§ Dataset entries
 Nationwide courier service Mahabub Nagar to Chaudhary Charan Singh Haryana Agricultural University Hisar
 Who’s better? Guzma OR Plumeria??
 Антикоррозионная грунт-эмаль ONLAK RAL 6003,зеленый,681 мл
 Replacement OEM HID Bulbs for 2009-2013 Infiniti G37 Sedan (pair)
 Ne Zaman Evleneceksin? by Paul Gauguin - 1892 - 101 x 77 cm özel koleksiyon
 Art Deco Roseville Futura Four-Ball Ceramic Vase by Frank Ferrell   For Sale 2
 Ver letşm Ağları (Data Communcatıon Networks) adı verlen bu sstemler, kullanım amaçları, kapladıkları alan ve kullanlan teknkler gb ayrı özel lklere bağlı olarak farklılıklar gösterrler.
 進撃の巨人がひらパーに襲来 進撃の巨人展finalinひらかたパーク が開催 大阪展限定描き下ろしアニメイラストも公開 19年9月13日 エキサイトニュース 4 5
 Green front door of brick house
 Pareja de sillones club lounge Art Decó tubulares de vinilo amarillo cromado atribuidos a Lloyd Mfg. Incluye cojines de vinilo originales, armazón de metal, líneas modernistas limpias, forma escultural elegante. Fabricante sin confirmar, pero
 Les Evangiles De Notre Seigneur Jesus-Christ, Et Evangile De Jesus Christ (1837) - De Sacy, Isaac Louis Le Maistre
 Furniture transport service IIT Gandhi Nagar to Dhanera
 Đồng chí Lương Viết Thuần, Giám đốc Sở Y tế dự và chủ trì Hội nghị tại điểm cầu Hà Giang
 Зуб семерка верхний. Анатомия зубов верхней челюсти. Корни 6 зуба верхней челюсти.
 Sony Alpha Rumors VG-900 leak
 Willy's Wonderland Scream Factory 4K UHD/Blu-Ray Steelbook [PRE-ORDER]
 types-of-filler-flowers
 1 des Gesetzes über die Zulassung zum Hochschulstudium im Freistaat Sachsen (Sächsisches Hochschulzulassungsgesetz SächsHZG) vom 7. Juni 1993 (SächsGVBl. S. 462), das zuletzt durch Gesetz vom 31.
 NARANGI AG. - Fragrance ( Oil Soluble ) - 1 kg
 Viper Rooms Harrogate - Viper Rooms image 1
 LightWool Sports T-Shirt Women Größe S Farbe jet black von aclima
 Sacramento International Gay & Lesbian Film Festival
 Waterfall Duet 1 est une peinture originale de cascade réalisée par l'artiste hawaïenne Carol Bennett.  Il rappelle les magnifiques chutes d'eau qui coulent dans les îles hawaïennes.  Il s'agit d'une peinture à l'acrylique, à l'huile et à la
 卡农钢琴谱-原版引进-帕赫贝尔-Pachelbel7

§ Assignment
Look through the records for the string "service". Copy every line that has it.

§ Exercise response
 Nationwide courier service Mahabub Nagar to Chaudhary Charan Singh Haryana Agricultural University Hisar
 Furniture transport service IIT Gandhi Nagar to Dhanera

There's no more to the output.